Among the thorny questions they’re asking: Who knew what, when? Did an executive commit a crime or just exhibit bad judgement? And to what standard do we hold leaders in a society that has developed a high tolerance for scandal?
Now, we are starting to get answers—and some corporate heads are starting to roll.
But if Ruemmler and Sulayem have faced professional consequences for their association with Epstein, many others have not. The slow, cautious-to-the-point-of-tepid response of the business world to its leaders’ chummy correspondence with a known sex offender reveals a confounding aspect of the Epstein saga: The documents released so far don’t offer proof that all of his correspondents engaged in criminal behavior. And that grey area can make inaction the most palatable approach in a corporate governance environment in which poor judgement—even exceptionally poor judgement—is not automatically a fireable offense.
There’s public pressure on companies that employ people named in the Epstein files to act. Questions like “why haven’t they been fired?” or “why weren’t they fired sooner?” are being asked online, by customers, and by clients.
But whether bad judgment costs someone their job is not black and white; it often comes down to a cost-benefit analysis on the part of people with hiring and firing authority, says Jill Fisch, a professor of business law at the University of Pennsylvania’s Penn Carey Law School. “So bad judgment, but weighed against whatever we think the virtues or advantages or strengths of this particular person are.” (Ruemmler, a former counsel to Bill Clinton and Barack Obama, was seen as a superstar.)
And there are a few other factors tipping the scales in favor of Epstein’s associates. For one, the number of business elites in Epstein’s network is now so vast that the public outrage and pressure on CEOs and boards to act is spread thin. “It’s kind of an obvious thing for a board to feel like, ‘Gee, lots of top executives, lots of respected people in industry and finance had some sort of connection [to Epstein]. Therefore, we don’t expect them all to be shunned from industry,” Fisch says.
There may also be a desire among decision makers to be more deliberate in defenestrations than during the MeToo era, when corporate cancellations were swift and arguably, in some cases, rash. “There was a time, possibly, when our instinct to cancel people was overly zealous, and this, in part, might be that we don’t want to keep doing that,” Fisch explains.

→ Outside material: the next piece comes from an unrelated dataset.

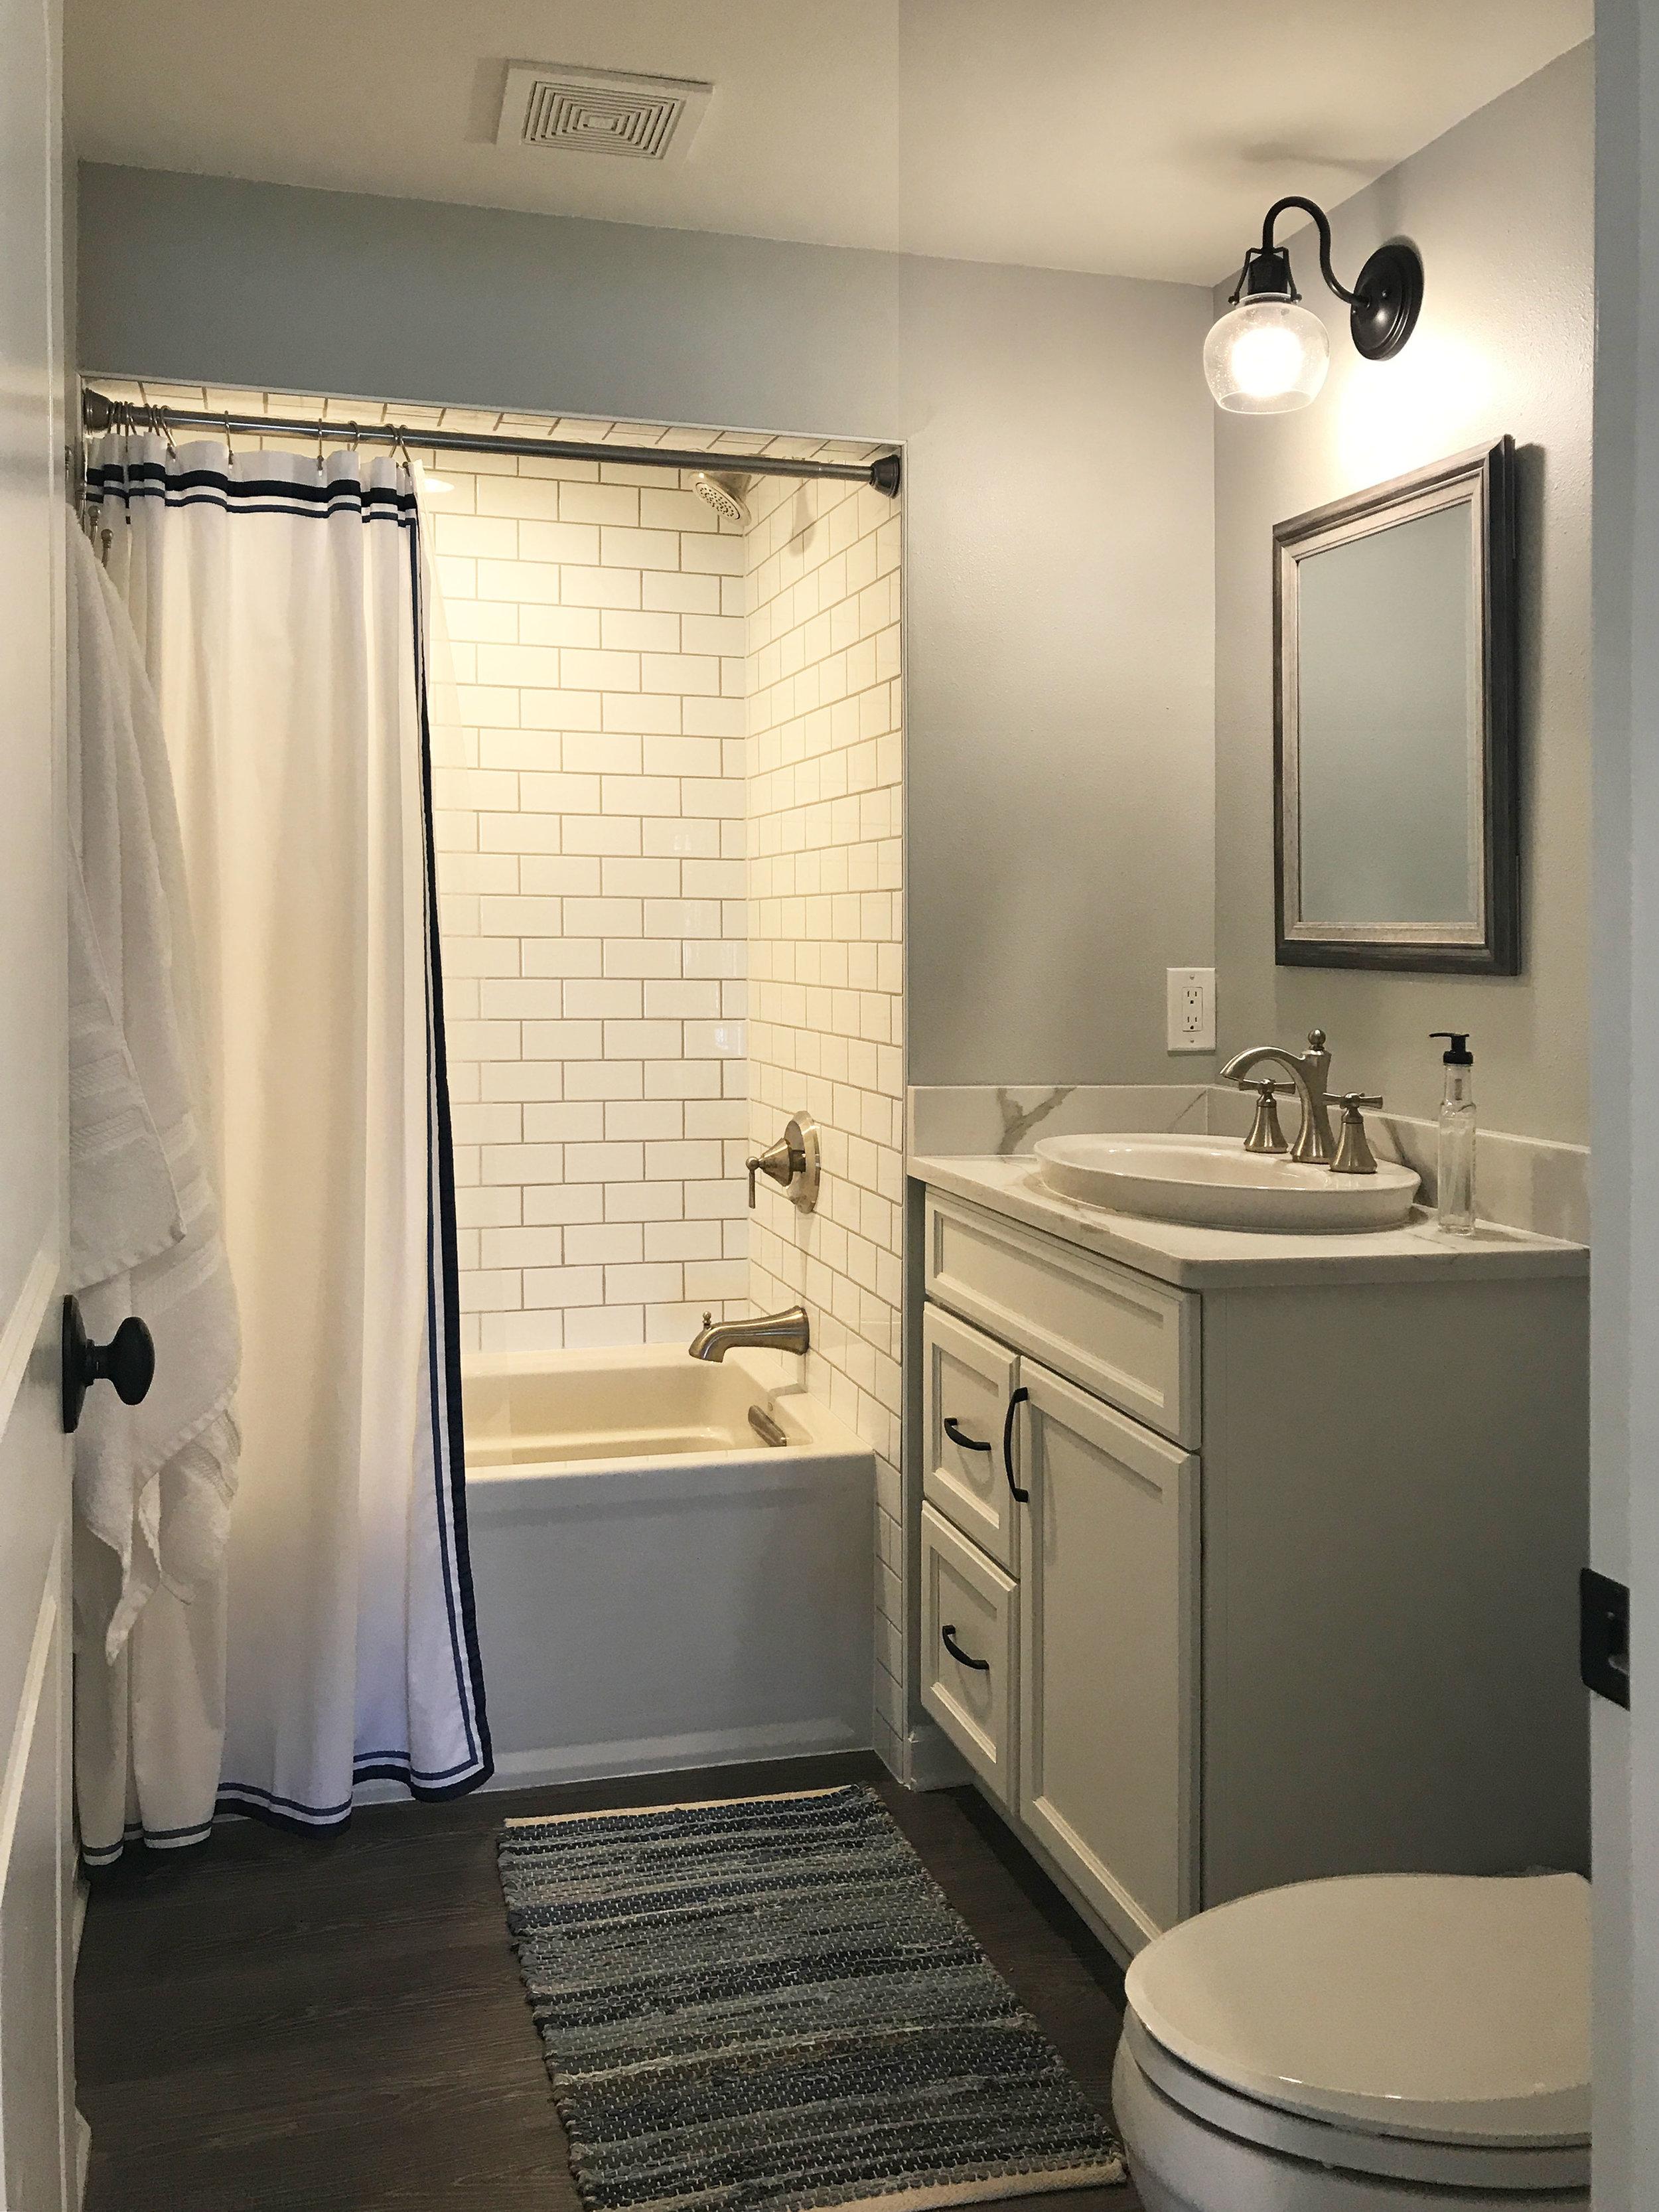 Downstiars-bath-B.jpg

“There’s sort of mimicking,” he says. “There’s sort of an environment where stuff that previously would have been sanctioned is no longer being sanctioned.”
Whatever the reasons, the business world’s apparent reluctance to take its own swift, decisive action against Epstein’s inner circle risks setting the moral bar so low—that illegal acts are the only disqualifier—that it dissolves what little public trust the sector has left.
“Nobody has a right to be a CEO or a managing partner of a huge law firm; that’s an enormous privilege,” says Archon Fung, professor of citizenship and self-government at the Harvard Kennedy School. “Part of why you’re elevated to that position is people think you have really good judgment, certainly about the business part. So is it appropriate in society to say, well, judgment about character and standards of behavior is an important part of what we demand of these people? So far, in the U.S., the answer seems to be no.”